The decision was taken after the Cabinet Committee on prices met on Thursday to discuss price rise and ways to tackle it.
"Wheat, pulses and sugar are driving prices up, therefore, the decision has been taken to augment the supply side. We are confident that with these decisions inflationary expectations will be dampened," said Finance Minister P Chidambaram after the meeting.
"The export of pulses will be halted with immediate effect," he said.
Traders have been demanding wheat imports by actual users like flour millers, bread and biscuit makers at lower duty.

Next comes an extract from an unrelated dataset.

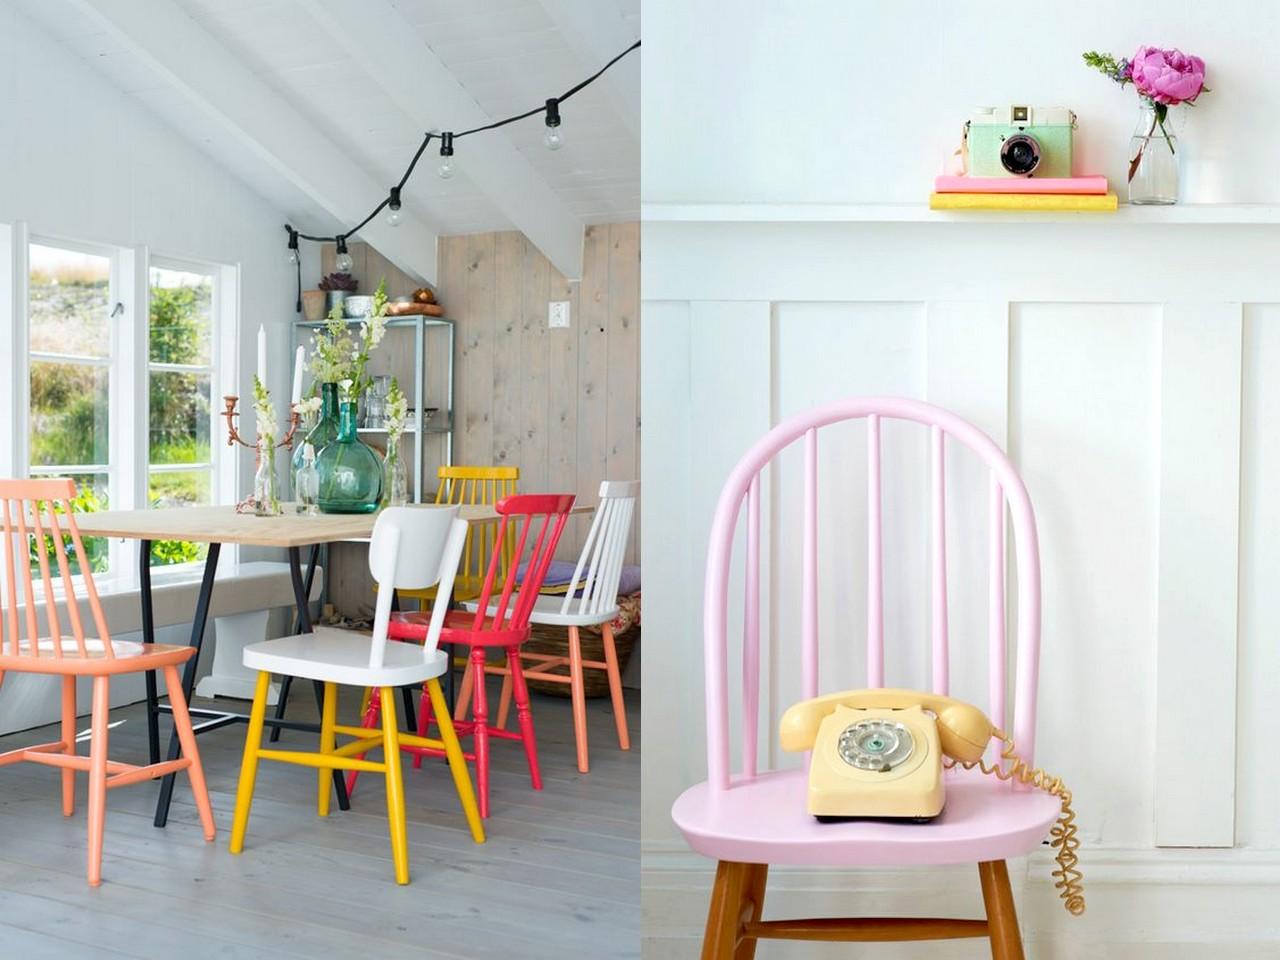 7 ideas para decorar con poco dinero el sal n de tu casa for Como decorar una mesa de madera vieja

Currently wheat imports are allowed at 60 percent duty, which traders say is unviable. The Government this month floated tenders for the import of 2.2 million tonnes of wheat and has received bids for the supply of about three million tonnes.
It has also awarded contracts for the import of 1.2 million tonnes of wheat, mainly to augment government stocks. But the measures have so far failed to bring down prices.
Most wheat futures contracts on the domestic exchanges fell by 90-140 rupees per tonne after Thursday's cabinet move.
The Cabinet Committee on Prices has also decided to import sugar before September 30, which is the end of current season and before the start of next crushing season.
This would be under Tariff Rate Quota Principle (TRQ), Chidambaram said adding the tariff rate and quantity will be decided later and announced shortly.
"A lot of time was spent on addressing the issue of prices. It was felt that these three primary articles (wheat, pulses and sugar) are showing a rising trend," he said.
Chidambaram said the inflation rate on the manufactured articles was low though fuel sector had shown an increase due to rise in prices of petrol and diesel.
The Government also allowed sugar imports at easier duties under the tariff rate quota to stem high sugar prices despite a bumper sugar output, forecast at close to 19.5 million tonnes in the year ending September 2006.
Chidambaram said private firms would be allowed to import pulses at zero duty and any small exports of pulses taking place now would be immediately stopped. India is a net importer of pulses.